How I do multiple plot from a multi-indexed pandas DataFrame based on one of the levels of the multiindex?
I have results from a model with different technologies usage in different scenarios, the results could look something like this:
import numpy as np
import pandas as pd
df=pd.DataFrame(abs(np.random.randn(12,4)),columns=[2011,2012,2013,2014])
df['scenario']=['s1','s1','s1','s2','s2','s3','s3','s3','s3','s4','s4','s4']
df['technology'=['t1','t2','t5','t2','t6','t1','t3','t4','t5','t1','t3','t4']
dfg=df.groupby(['scenario','technology']).sum().transpose()
dfg would have the technologies employed each year for each scenario. I would like to have a subplot for each scenario sharing the legend.
If I simply use the argument subplots=True, then it plots all the possible combinations (12 subplots)

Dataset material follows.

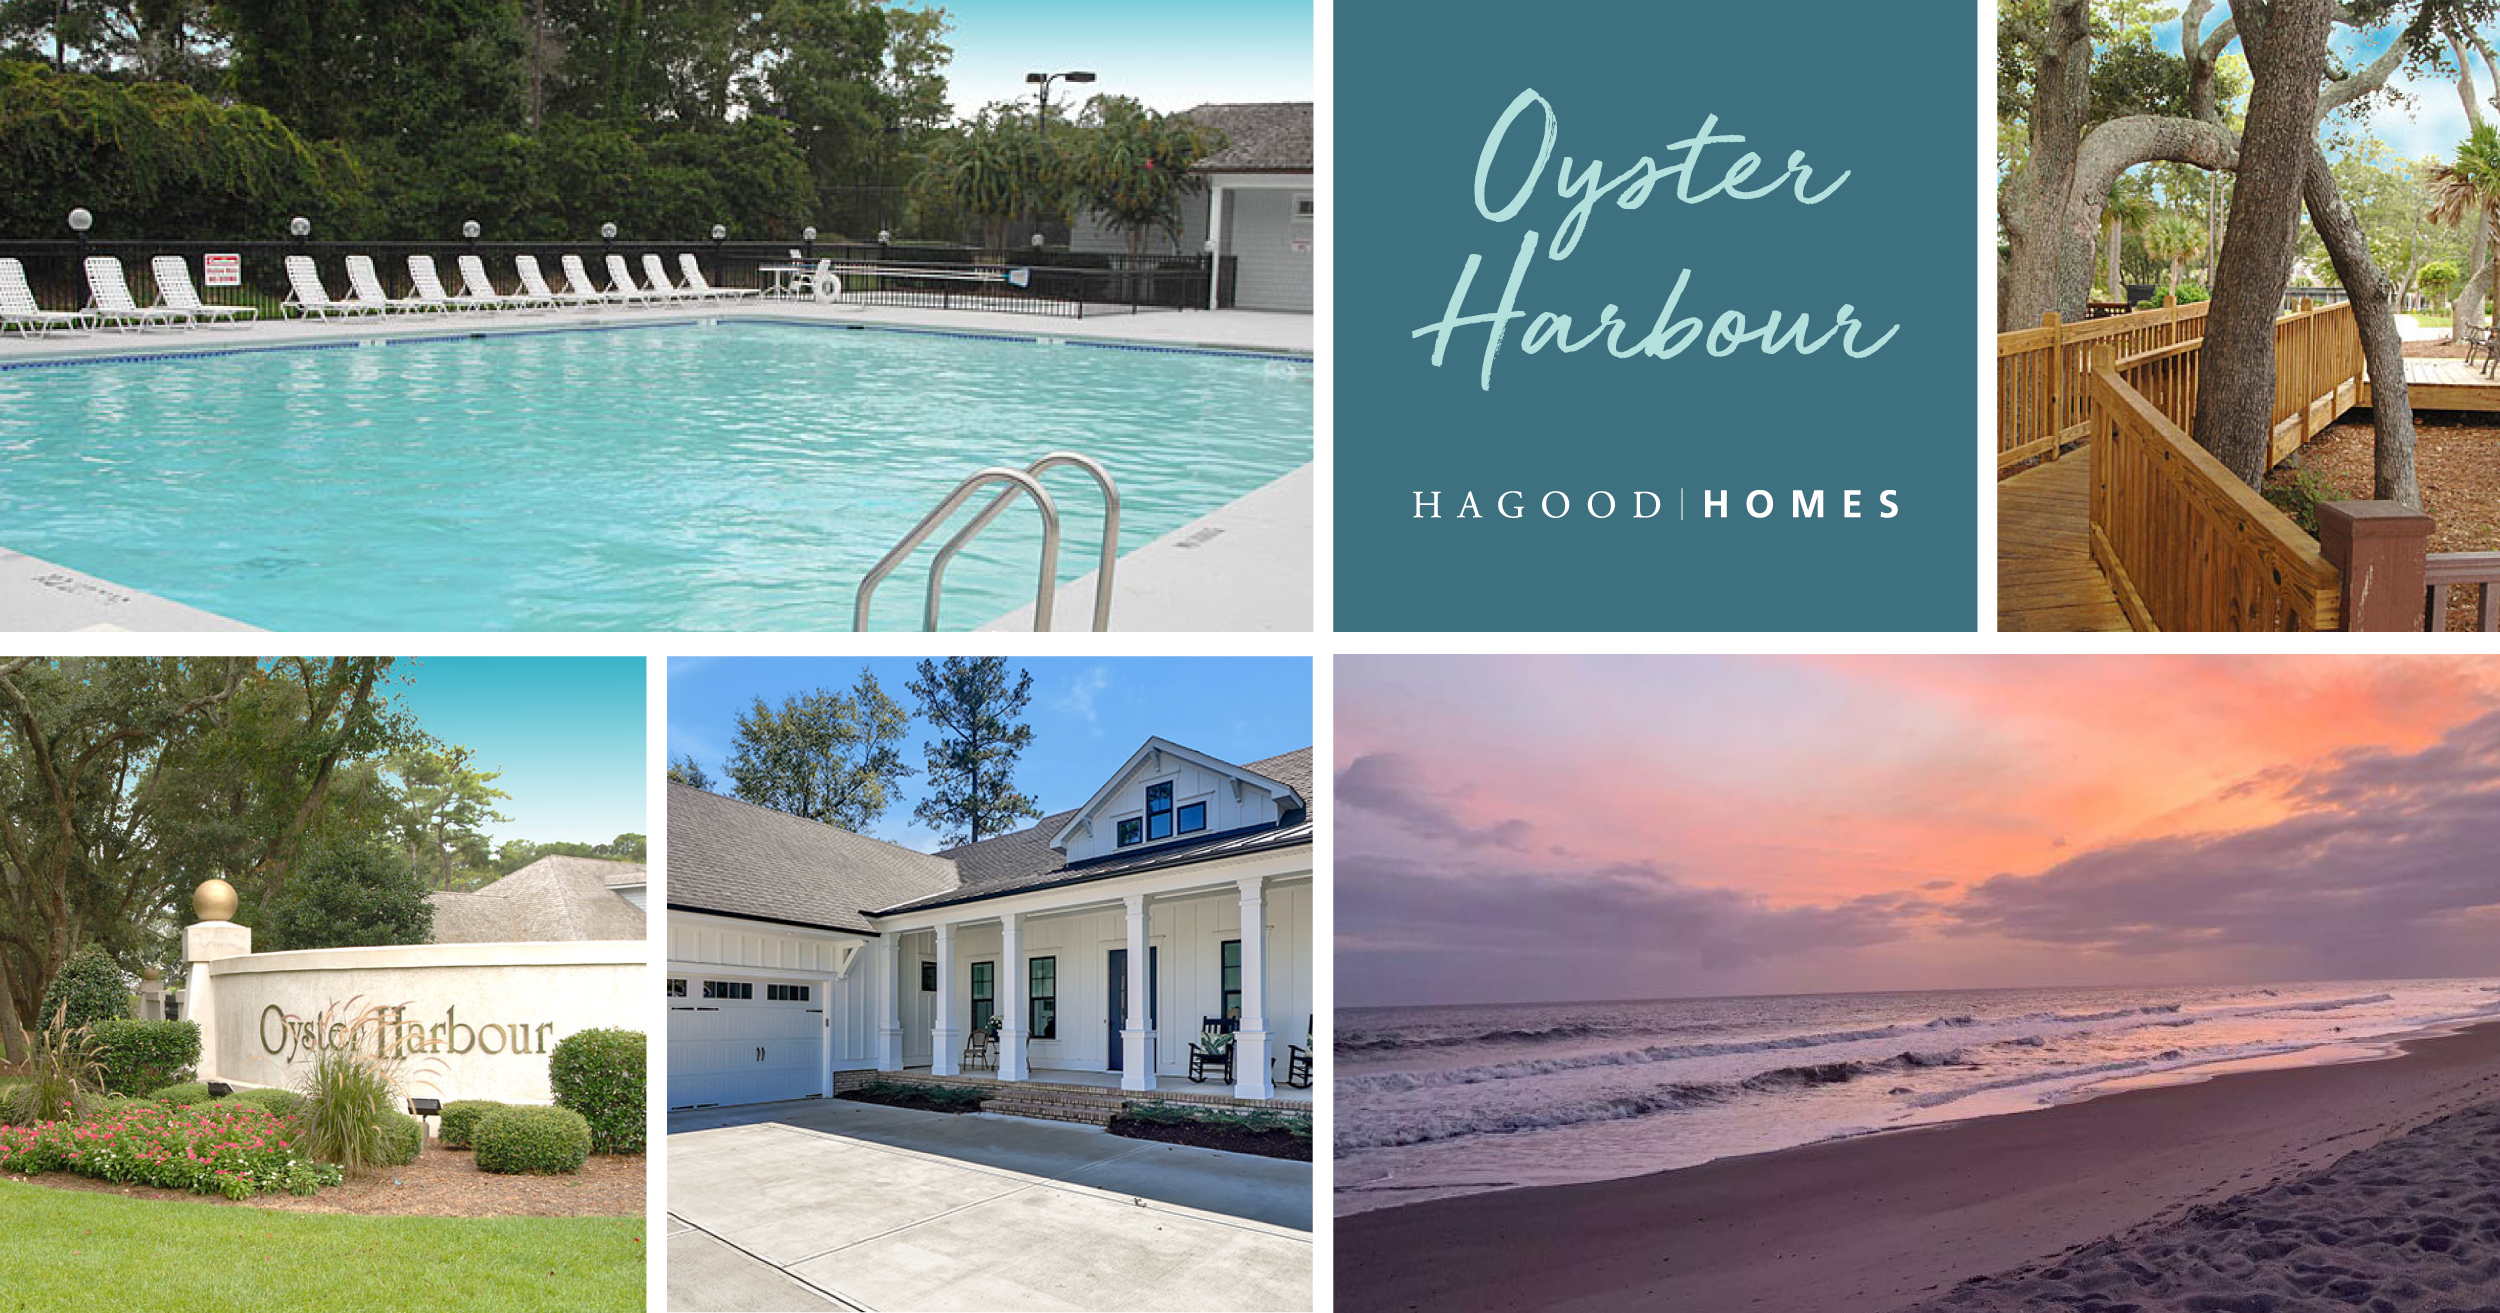 Hagood Homes is Now Building Along the Intracoastal Waterway in Oyster Harbour!

dfg.plot(kind='bar',stacked=True,subplots=True)
Based on this response I got closer to what I was looking for.
f,a=plt.subplots(2,2)
fig1=dfg['s1'].plot(kind='bar',ax=a[0,0])
fig2=dfg['s2'].plot(kind='bar',ax=a[0,1])

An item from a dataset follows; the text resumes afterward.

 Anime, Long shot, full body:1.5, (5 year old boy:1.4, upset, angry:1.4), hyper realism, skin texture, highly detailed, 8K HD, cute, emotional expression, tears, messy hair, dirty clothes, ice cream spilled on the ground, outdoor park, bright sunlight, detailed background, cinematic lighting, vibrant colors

fig2=dfg['s3'].plot(kind='bar',ax=a[1,0])
fig2=dfg['s3'].plot(kind='bar',ax=a[1,1])
plt.tight_layout()
but the result is not ideal, each subplot has a different legend...and that makes it quite difficult to read. There must be an easier way to do subplots from a multiindexed dataframes... Thanks!
EDIT1: Ted Petrou proposed a nice solution using seaborn factorplot but I have two issues. I already have a style defined and I'd rather not use the seaborn style (one solution could be change the parameters of seaborn). The other problem is that I wanted to use a stacked bar plot, which require considerable extra tweaks. Any chance I can do something similar with Matplotlib?